Answer
$y^{''}=\large\frac{\cos^2 y\;\cos x+\sin^2 x\;\sin y}{\cos^3 y}$
Work Step by Step
$\sin y+\cos x=1$ ____(1)
Differentiating (1) implicitly with respect to $x$
$\cos y\; \cdot y^{'}-\sin x=0$
Solving for $y^{'}$
$y^{'}=\large\frac{\sin x}{\cos y}$ ____(2)

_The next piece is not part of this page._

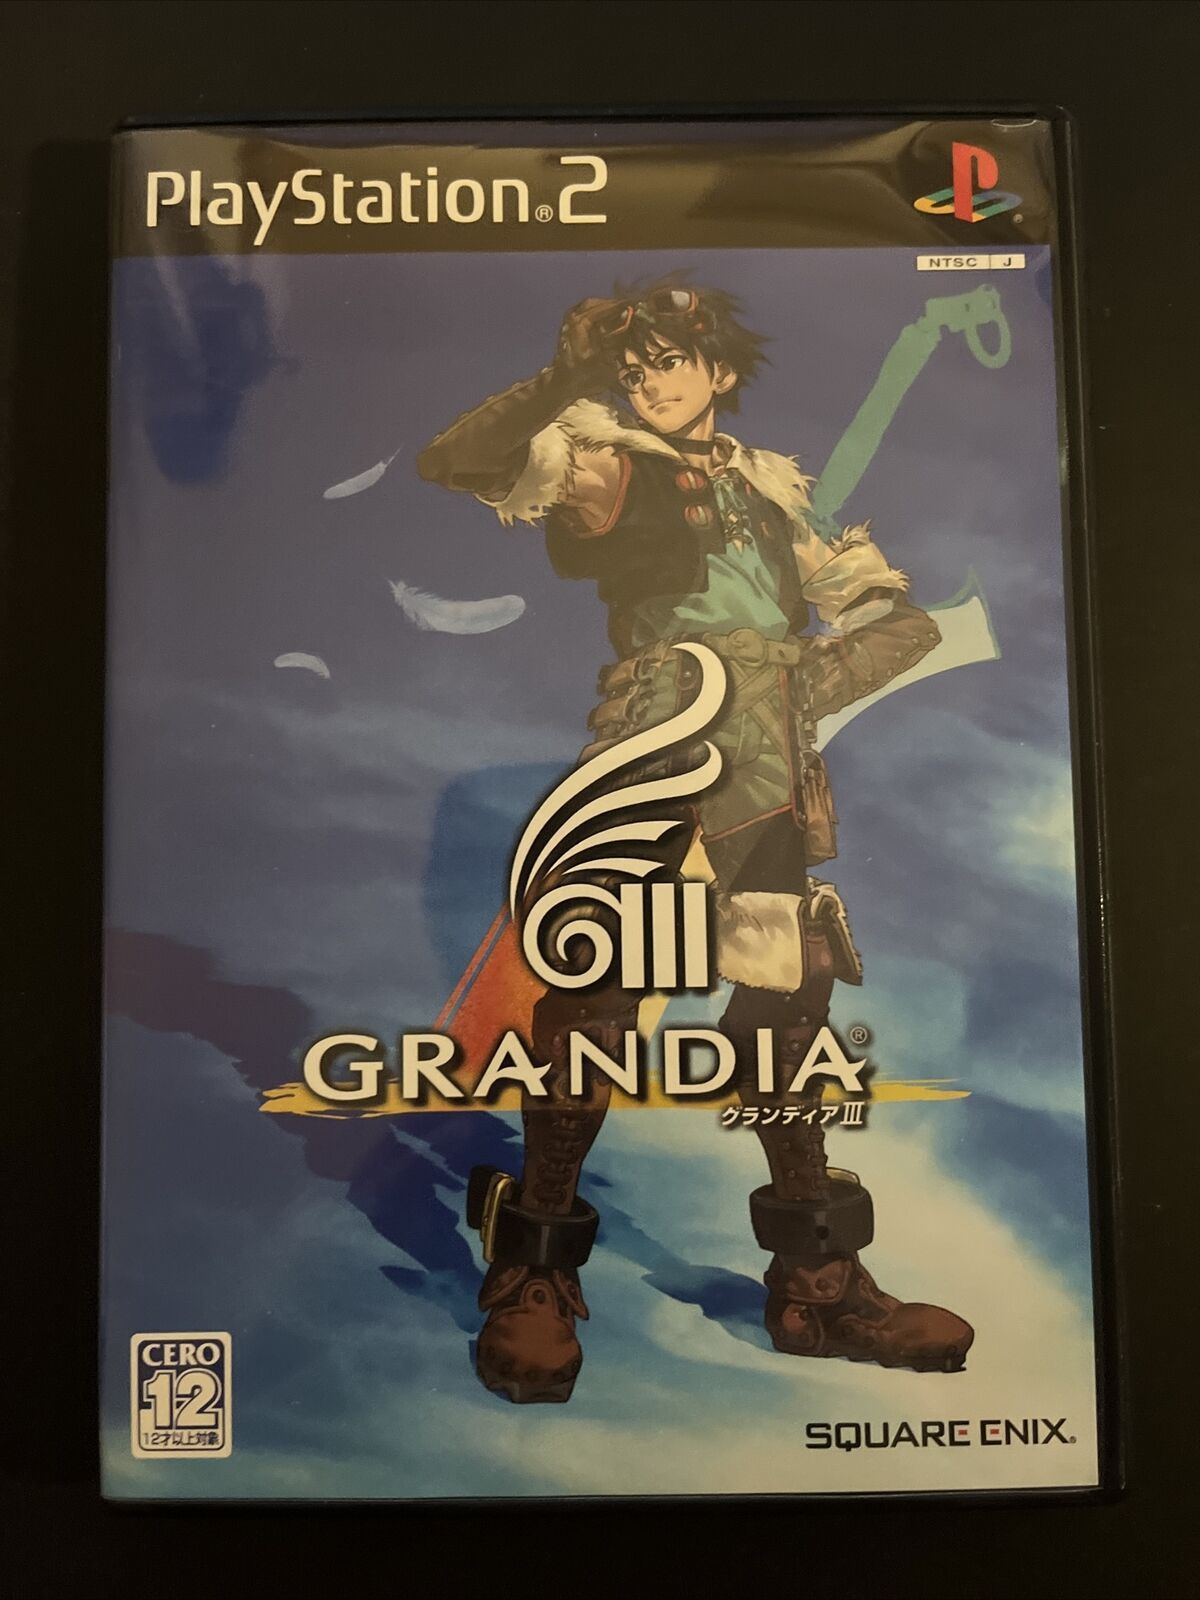 Grandia 3 - PlayStation 2 PS2 NTSC-J JAPAN RPG Game Complete with Manual

Differentiating (2) implicitly with respect to $x$
$y^{''}=\large\frac{d}{dx}\left(\frac{\sin x}{\cos y}\right)$
$y^{''}=\large\frac{\cos y\;(\sin x)^{'}-\sin x\;(\cos y)^{'}}{\cos^2 y}$
$y^{''}=\large\frac{\cos y\;\cos x+\sin x\;\sin y\; \frac{dy}{dx}}{\cos^2 y}$
From (2)
$y^{''}=\large\frac{\cos y\;\cos x+\sin x\;\sin y\; \left(\large\frac{\sin x}{\cos y}\right)}{\cos^2 y}$
$y^{''}=\large\frac{\cos^2 y\;\cos x+\sin^2 x\;\sin y}{\cos^3 y}$
Hence $y^{''}=\large\frac{\cos^2 y\;\cos x+\sin^2 x\;\sin y}{\cos^3 y}$.